Expanding Storage Pool to 4 SSDs from 2 SSDs on 2012R2?

Notice: Page may contain affiliate links for which we may earn a small commission through services like Amazon Affiliates or Skimlinks.

im.thatoneguy

Member
Oct 28, 2020
31
8
8
I have a 2012 R2 server on its last leg and will be replaced soon. But I'm trying to eek it out until PCIe4 is more widely available and stable.

I have a Mirror storage pool with 8x 10k SAS drives and 2x SSDs. I'm seeing solid 500/700MB/s for Write/Read speeds. I would like to fully saturate 10gb. If I added another 2 SSDs to the pool should I see my speeds go up to 1GB/1.4GB (minus overhead)? Or will it just expand the SSD tier to be larger? Or will my sequential read speeds always be off of the HDD tier even if I have 2TB of SSD tier capacity?

Also, is this operation supported without nuking the volume for do I need to transfer everything off to a temp drive before adding an additional 2x SSDs?

Thanks!
 

gregsachs

Active Member
Aug 14, 2018
559
192
43
Is the space set up with Tiering or just a mirror? I think if the space was not setup with a tier, it will be treating all of the drives as the same priority, and just striping the writes across 5 drives. Adding 2 ssds would let you expand, but not change speeds significantly. OTOH, if it was setup as a tiered space, then you can't change the size without nuking is my memory.
 
  • Like
Reactions: im.thatoneguy

gregsachs

Active Member
Aug 14, 2018
559
192
43
It's currently setup with tiering.
I think with tiering you are stuck, especially on 2012. Only choice would be to blow it away and recreate I believe. I don't think that the SSD tier column size can be changed from 1 to 2 on the fly, to allow striping of the data across drives while still respecting the mirror.
 
  • Like
Reactions: im.thatoneguy

im.thatoneguy

Member
Oct 28, 2020
31
8
8
Virtual Disks though are all that matter not Pools though right? I'm just wrapping my head around storage pools. And pools don't care about columns or specific data arrangements. That's at the disk level. So I have some unprovisioned data on my pool I could add the 2x SSDs. Create a new 2 column Virtual disk on the provisioned space on the drives as a life boat. Then nuke the big disk and return the data.
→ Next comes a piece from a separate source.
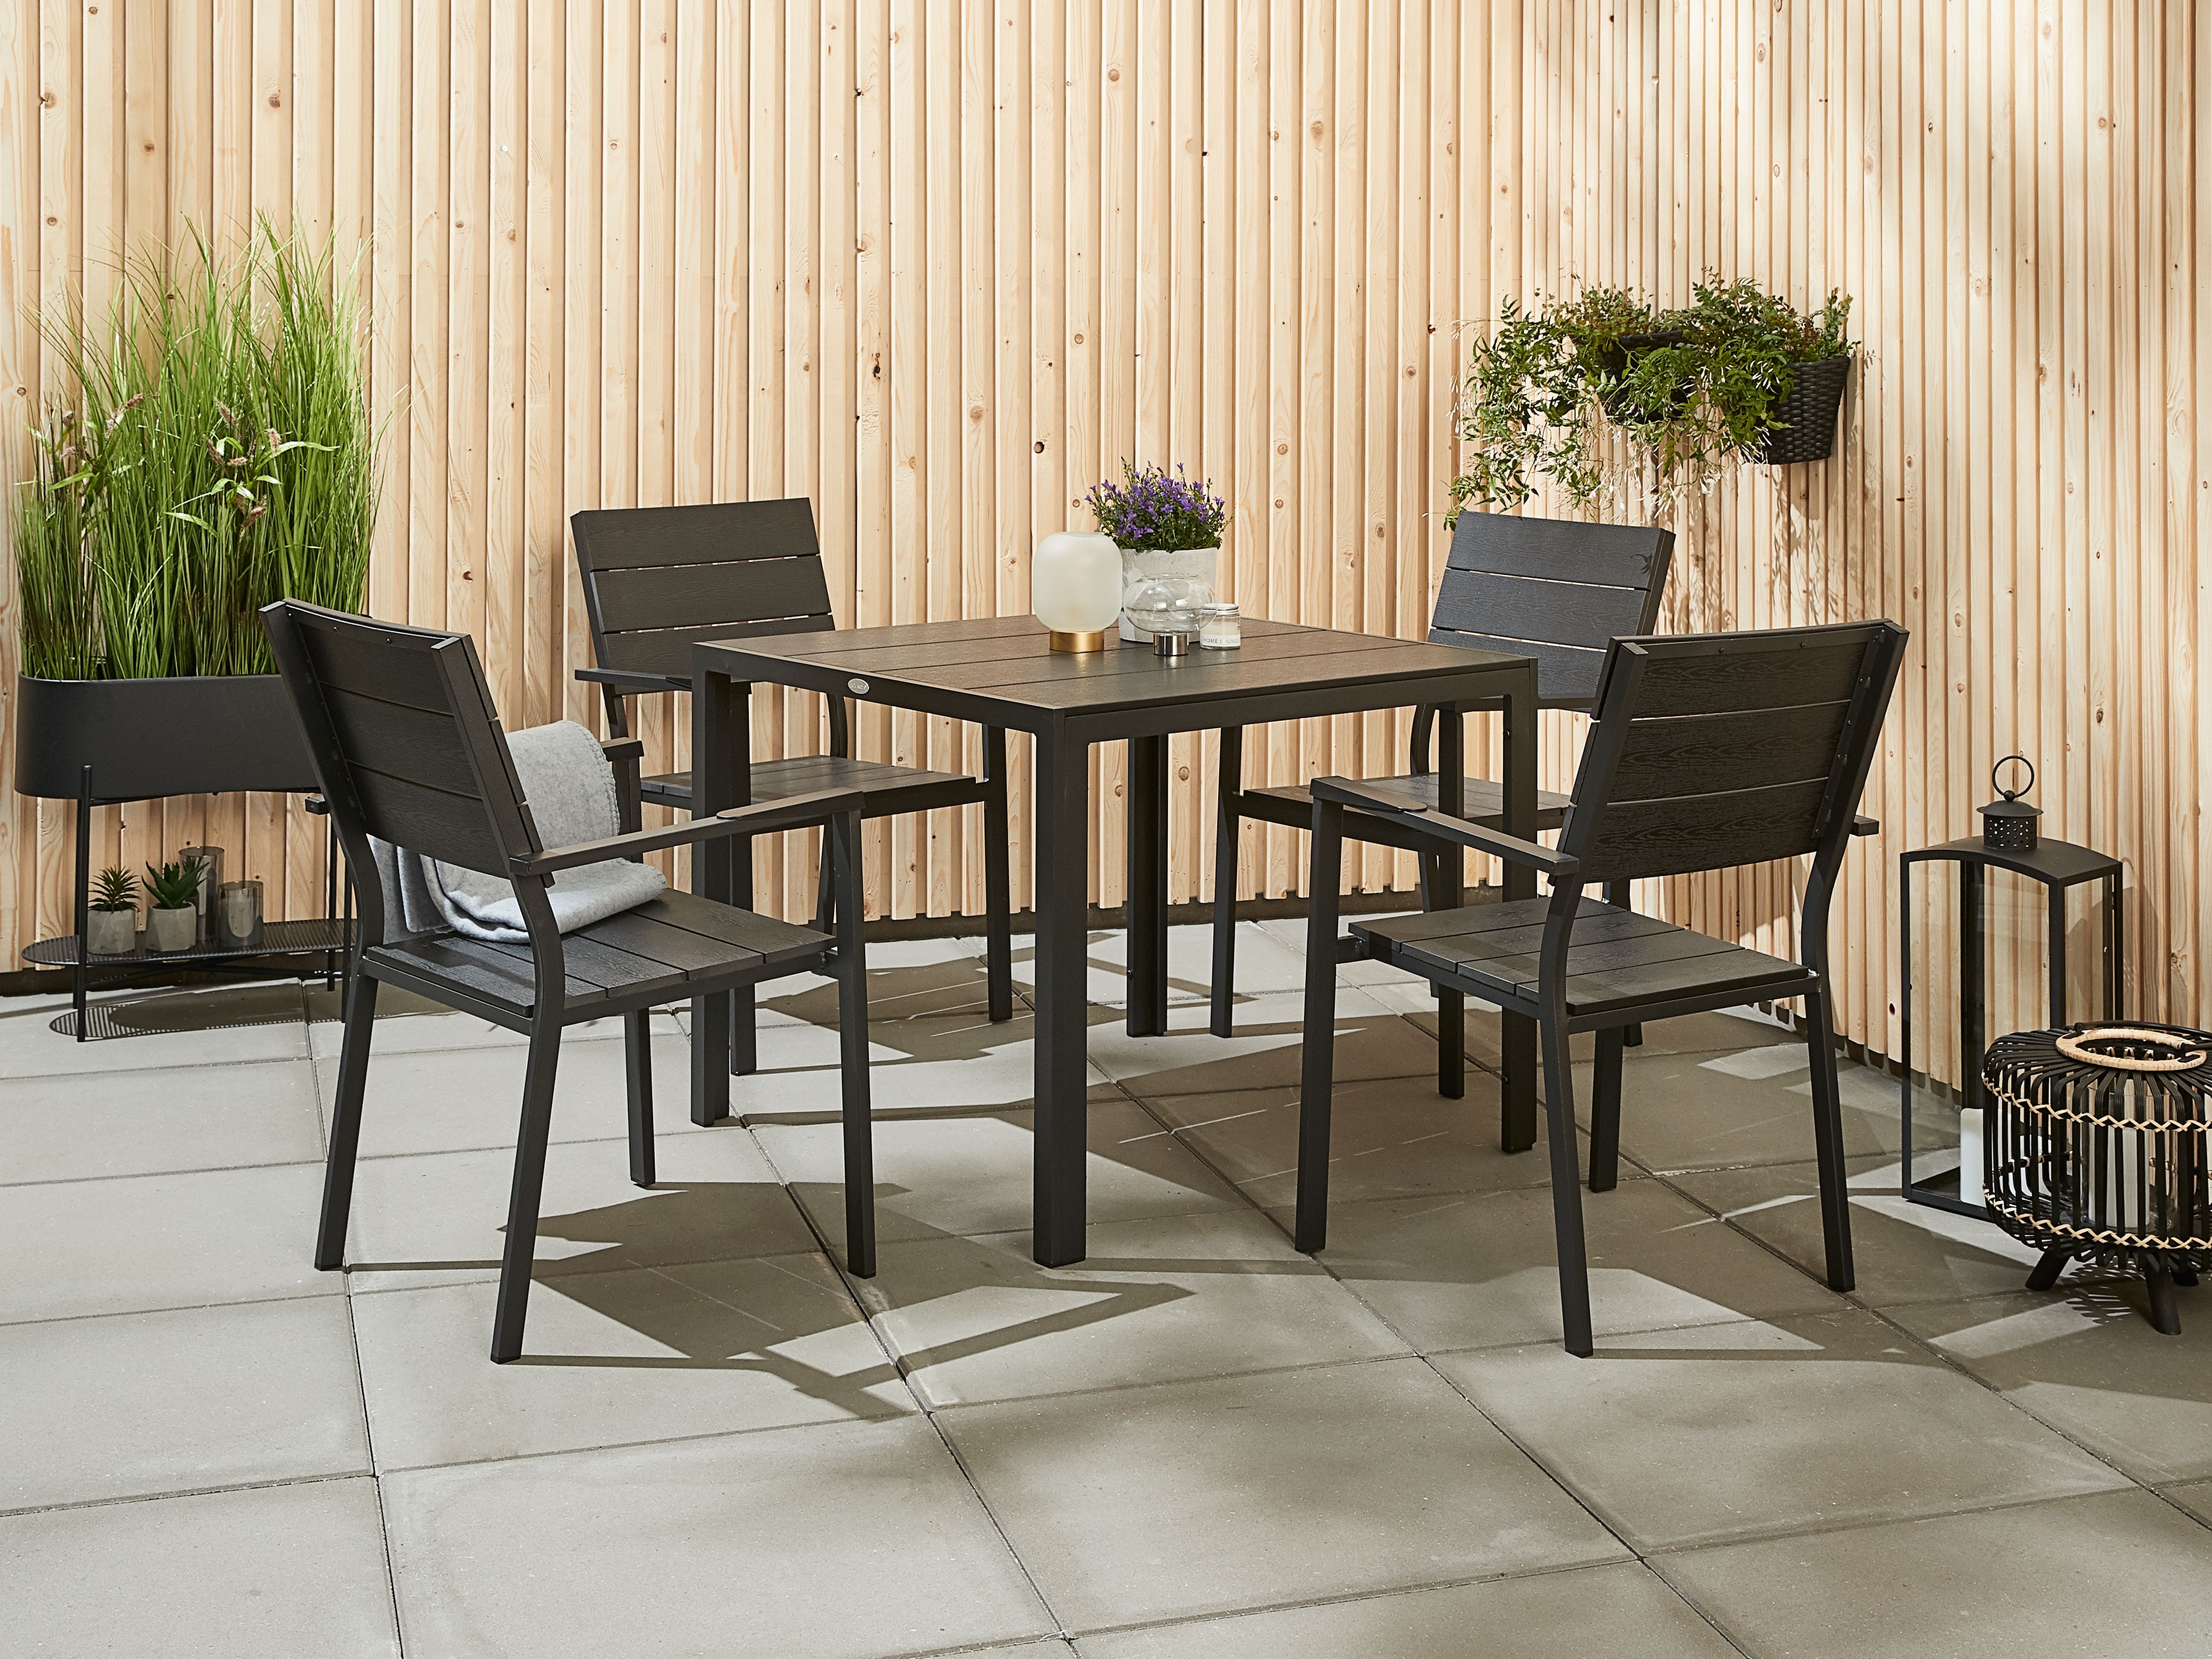 Square artwood table in black with black garden dining chairs

You do have to specify a pool is tiered. But once it's tiered the particulars are at the virtual disk level?
 

gregsachs

Active Member
Aug 14, 2018
559
192
43
Virtual Disks though are all that matter not Pools though right? I'm just wrapping my head around storage pools. And pools don't care about columns or specific data arrangements. That's at the disk level. So I have some unprovisioned data on my pool I could add the 2x SSDs. Create a new 2 column Virtual disk on the provisioned space on the drives as a life boat. Then nuke the big disk and return the data.

You do have to specify a pool is tiered. But once it's tiered the particulars are at the virtual disk level?
Possibly? Windows has gotten really funny with things when adding disks to a storage pool, and my memory is that 2012R2 does not have a means of rebalancing the pool free space, which 2016 added. I think if you added 2 new SSD of identical size to existing disk, and expanded the SSD tier, I think the disk is still stuck at a column size of 1 on the ssd tier, and thus unlikely to gain speed. I believe you need to nuke and recreate with columnsize=2 to get a benefit of striping across pairs of SSDs.
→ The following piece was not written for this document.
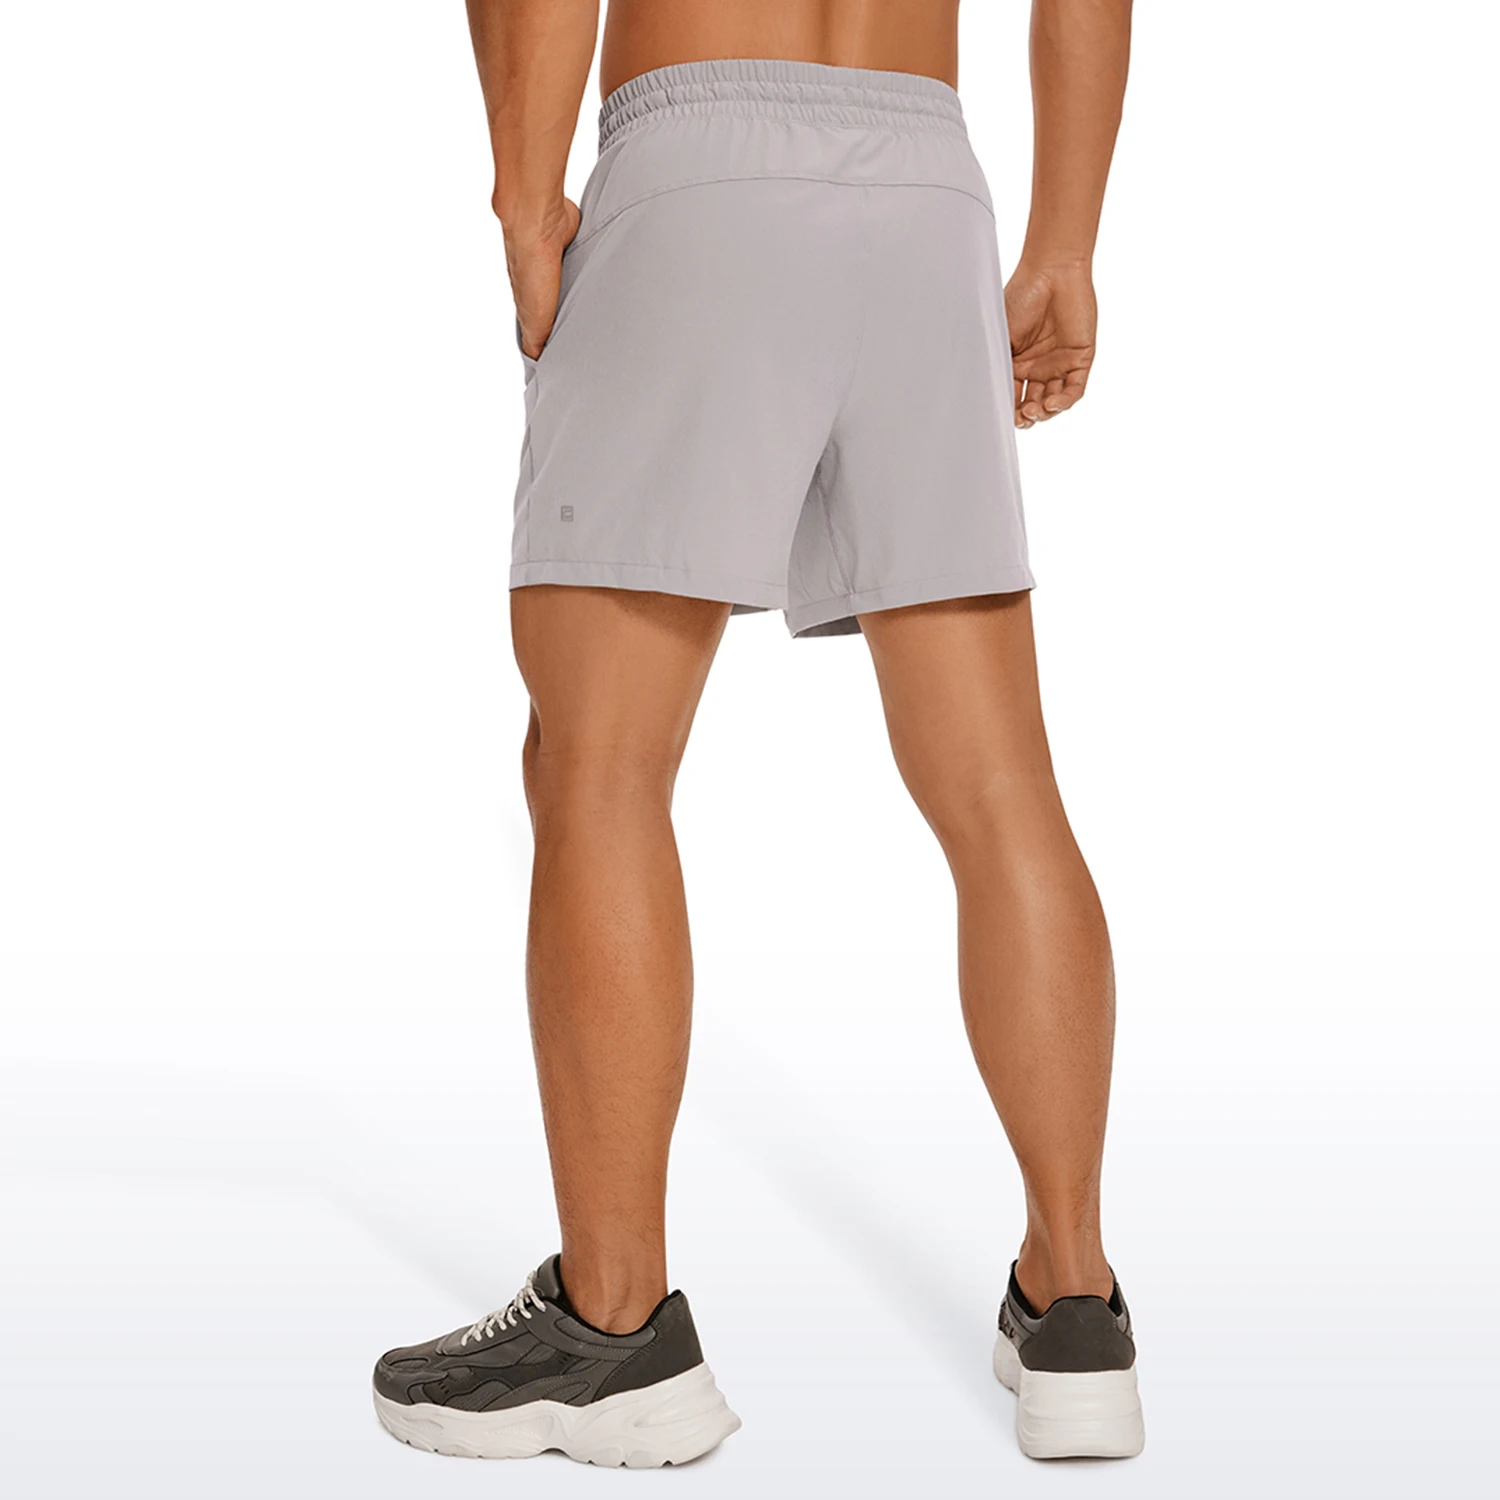 CRZ YOGA Men's Linerless Workout Shorts - 5'' Lightweight Quick Dry Running Sports Athletic Gym Shorts with Pockets

I honestly don't remember, and I've done more with 2016 than 2012R2, so it is hard to tell. I ended up moving away from tiered as I got frustrated with it.

This link says you can add SSDs and expand the tier size, but the speed limit should be related to column number, which I believe is locked at creation.
 

cesmith9999

Well-Known Member
Mar 26, 2013
1,417
468
83
what matters is the column count in the vdisk. and in 2012 R2 to add to a vdisk you had to duplicate all of the disks in the pool on ALL tiers.

You cannot just add 2 SSD's and expect faster throughput. if you add them to the pool. and your vdisk is fixed(not thin). the SSD's will go unused.as the vdisk has all of the sectors allocated on the existing SSD's.